--- START ---
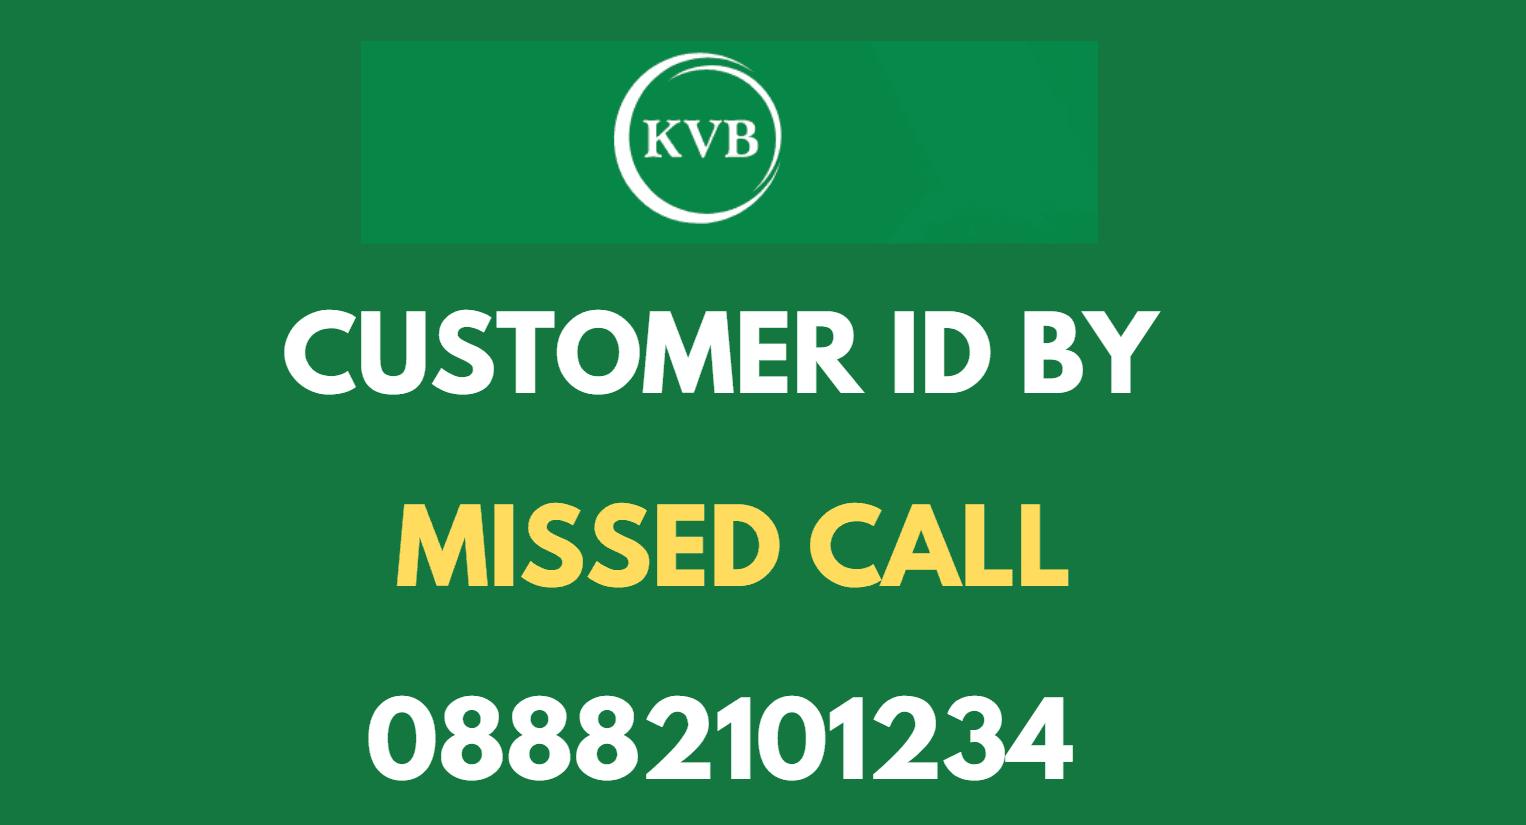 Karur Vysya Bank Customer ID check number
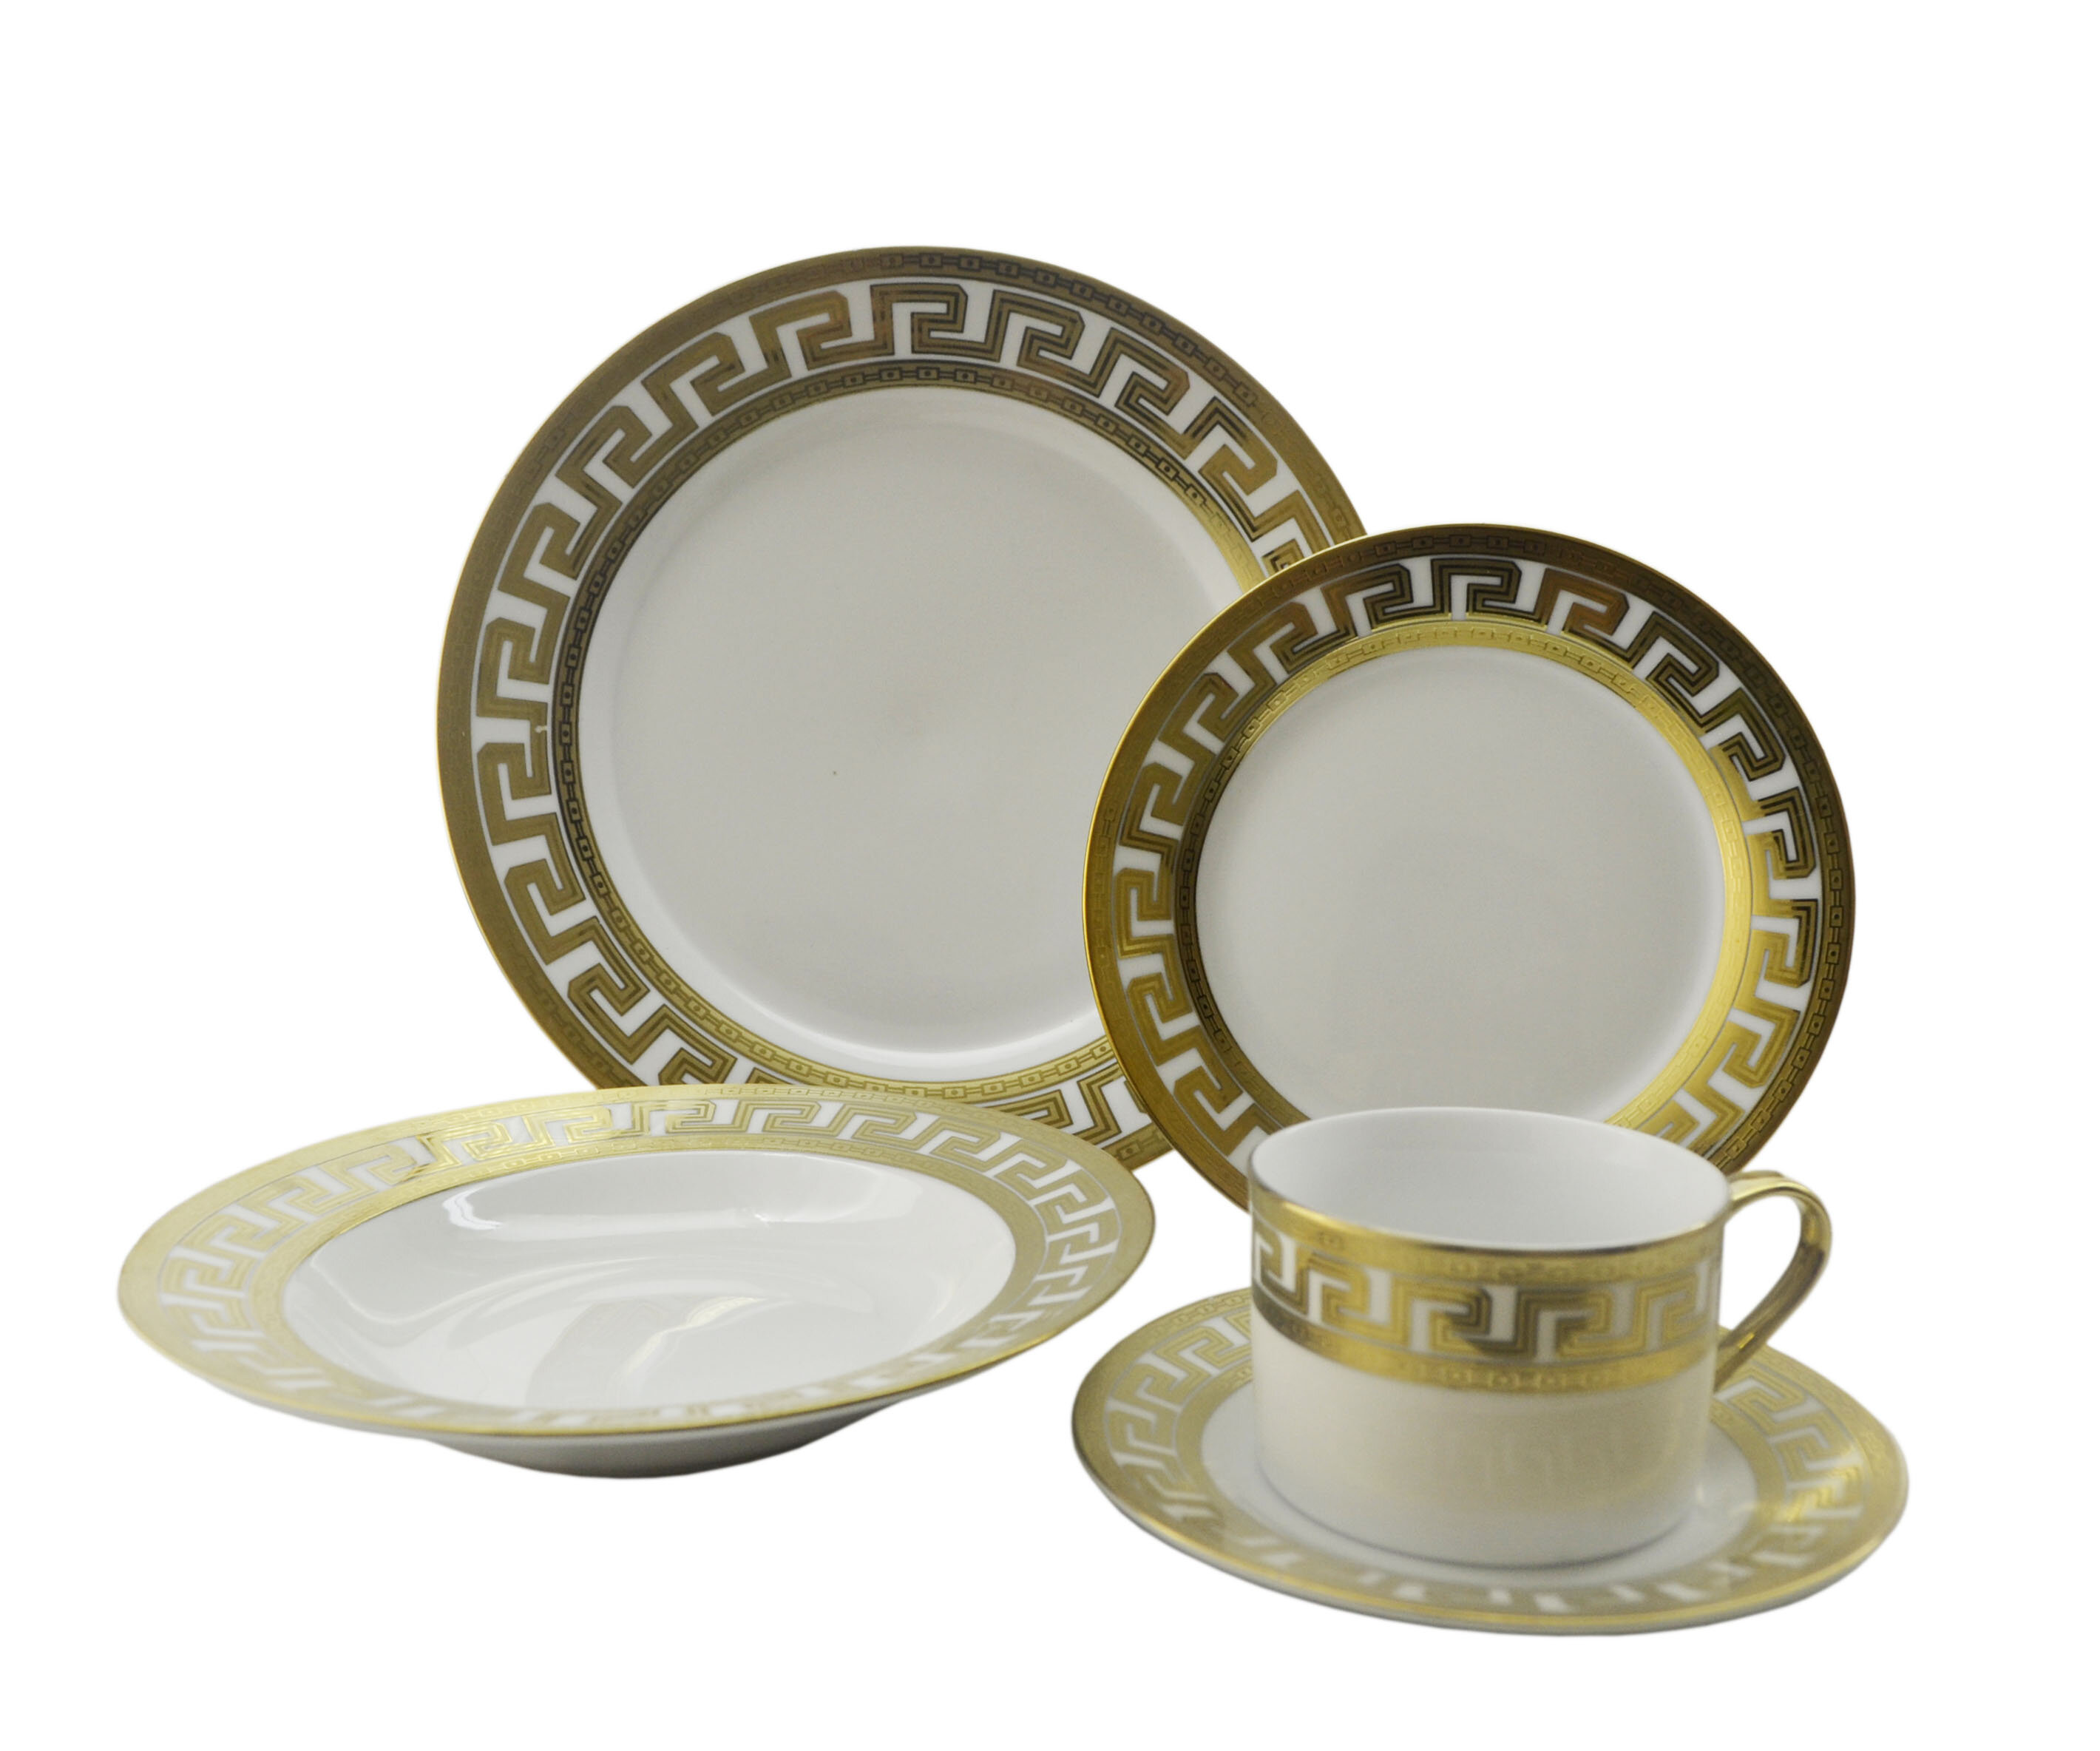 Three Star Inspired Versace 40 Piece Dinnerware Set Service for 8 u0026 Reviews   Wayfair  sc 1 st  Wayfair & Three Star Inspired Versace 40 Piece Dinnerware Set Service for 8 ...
--- END ---
--- START ---
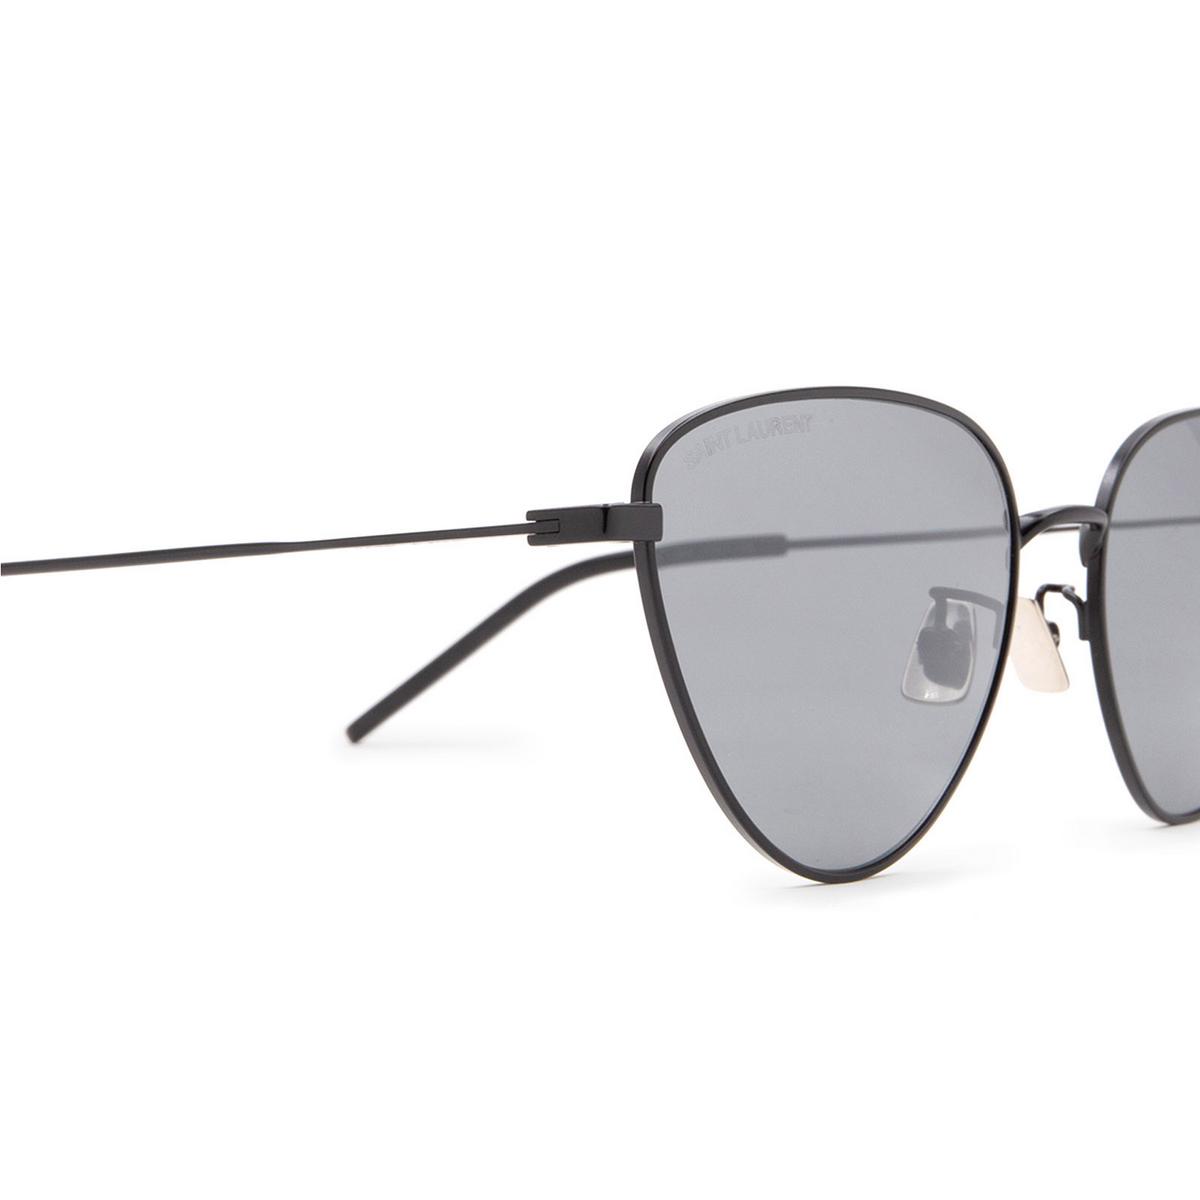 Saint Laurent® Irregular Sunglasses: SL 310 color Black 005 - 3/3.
--- END ---
◆ Action item:
Keep to the lines above from the line with "Karur Vysya Bank Customer ID check number" to the line with "Service for 8 ...", and set down exactly those, inclusive, with nothing else and every picture left out.

◆ Exercise response:
 Karur Vysya Bank Customer ID check number
 Three Star Inspired Versace 40 Piece Dinnerware Set Service for 8 u0026 Reviews   Wayfair  sc 1 st  Wayfair & Three Star Inspired Versace 40 Piece Dinnerware Set Service for 8 ...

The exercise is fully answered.